De bedrijfsopvolgingsregeling (BOR) en de bezitseis

6701 views 0

De BOR geeft bij erven en schenken een volledige vrijstelling van ruim € 1,1 miljoen en 83% daarboven als het gaat om ondernemingsvermogen. Een voorwaarde voor deze vrijstelling bij schenken is dat de aandeelhouder de bv al vijf jaar in bezit heeft. Dit artikel gaat over de bezitseis en het uitbreiden van de onderneming. Met uitbreiden wordt een aankoop door een activa/passiva bedoeld en het vergroten van het aandelenpakket door bijvoorbeeld een holding-bv.

De BOR

De bedrijfsopvolgingsregeling (de BOR) heeft betrekking op het verkrijgen van een IB-onderneming of een aandelenpakket. In deze bijdrage bespreek ik een tweetal voorwaarden gericht op de schenking of vererving van een aanmerkelijk belang aandelenpakket. Ik behandel de zogenaamde ‘bezitseis’ in het licht van recente HR-jurisprudentie alsmede de ‘voortzettingseis’.
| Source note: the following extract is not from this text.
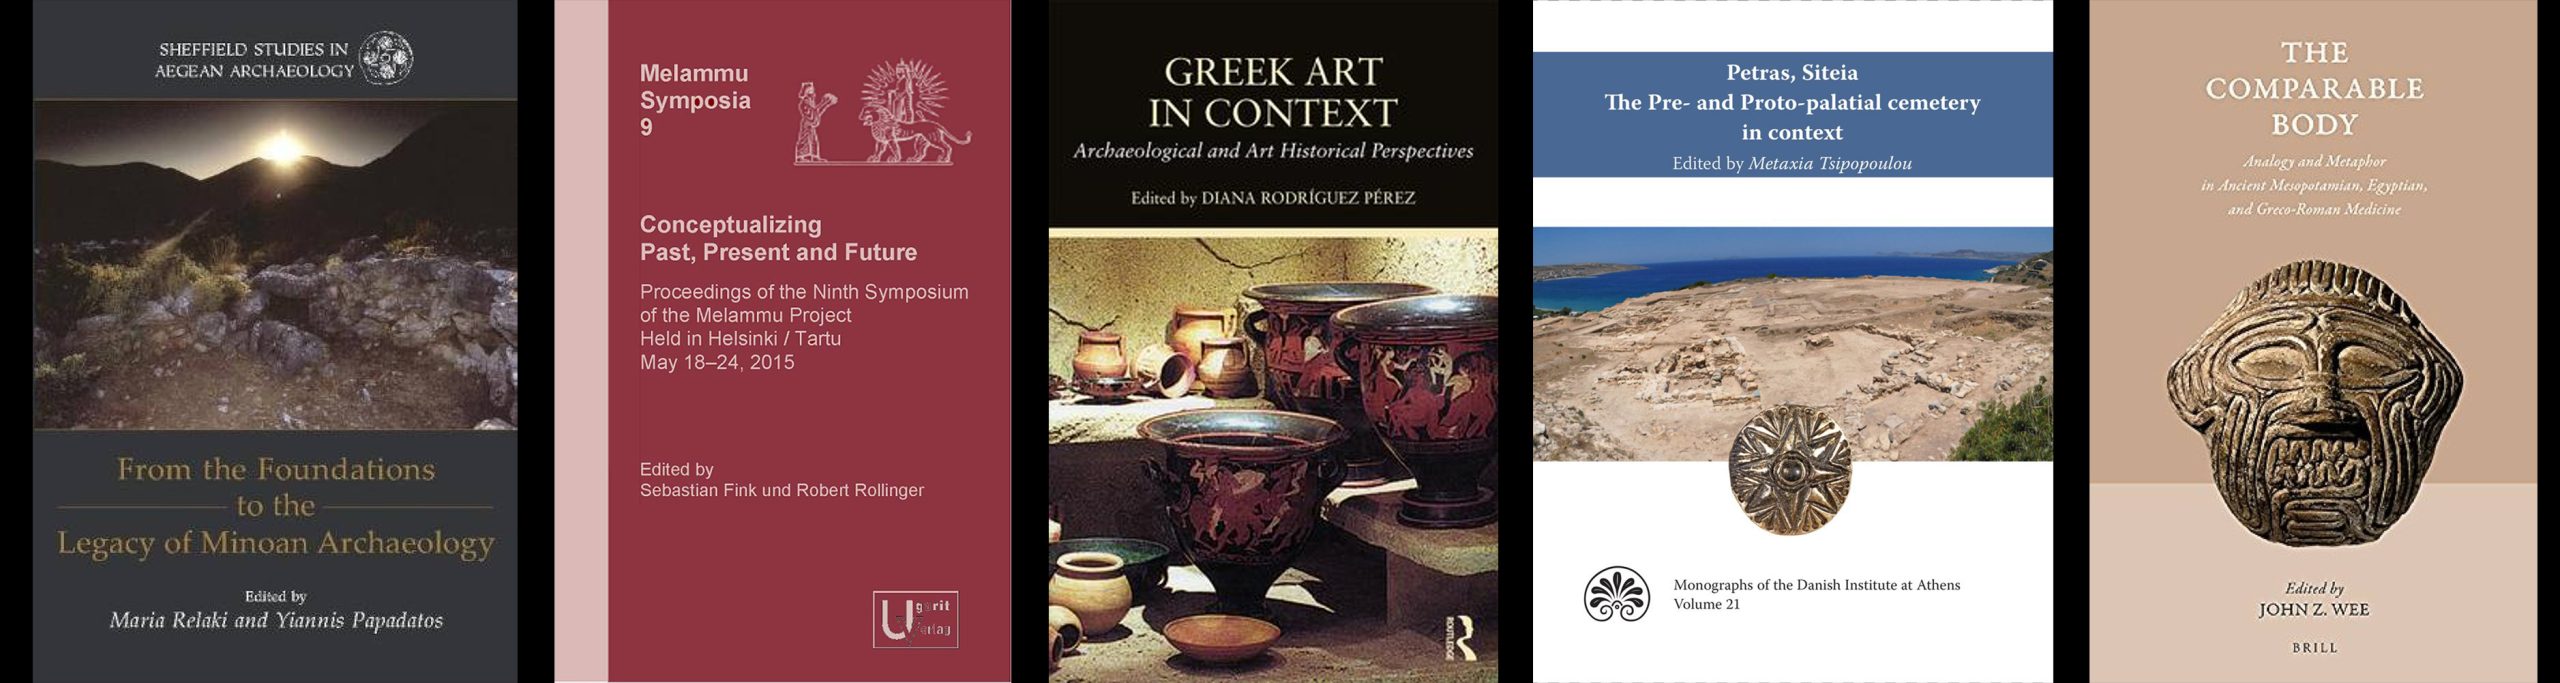 1. From the Foundations to the Legacy of Minoan Archaeology. 2. Conceptualizing Past, Present and Future: Proceedings of the Ninth Symposium of the Melammu Project Held in Helsinki/Tartu May 18-24, 2015. 3. Greek Art in Context: Archaeological and Art Historical Perspectives. 4. Petras, Siteia: The Pre- and Proto-palatial cemetery in context. 5. The Comparable Body: Analogy and Metaphor in Ancient Mesopotamian, Egyptian, and Grec-Roman Medicines.

De ‘beziteis’ heeft betrekking op de schenker of de erflater (hierna vorige bezitter). Om de BOR te krijgen moet de vorige bezitter schenker van de aanmerkelijk belang aandelen deze minimaal 5 jaar voorafgaande aan deze schenking in eigendom hebben. Gelijktijdig moet de onderliggende vennootschap gedurende deze periode ook een ‘materiele onderneming’ hebben gedreven. Bij de vorige bezitter erflater geldt hetzelfde, echter voor een periode van minimaal 1 jaar.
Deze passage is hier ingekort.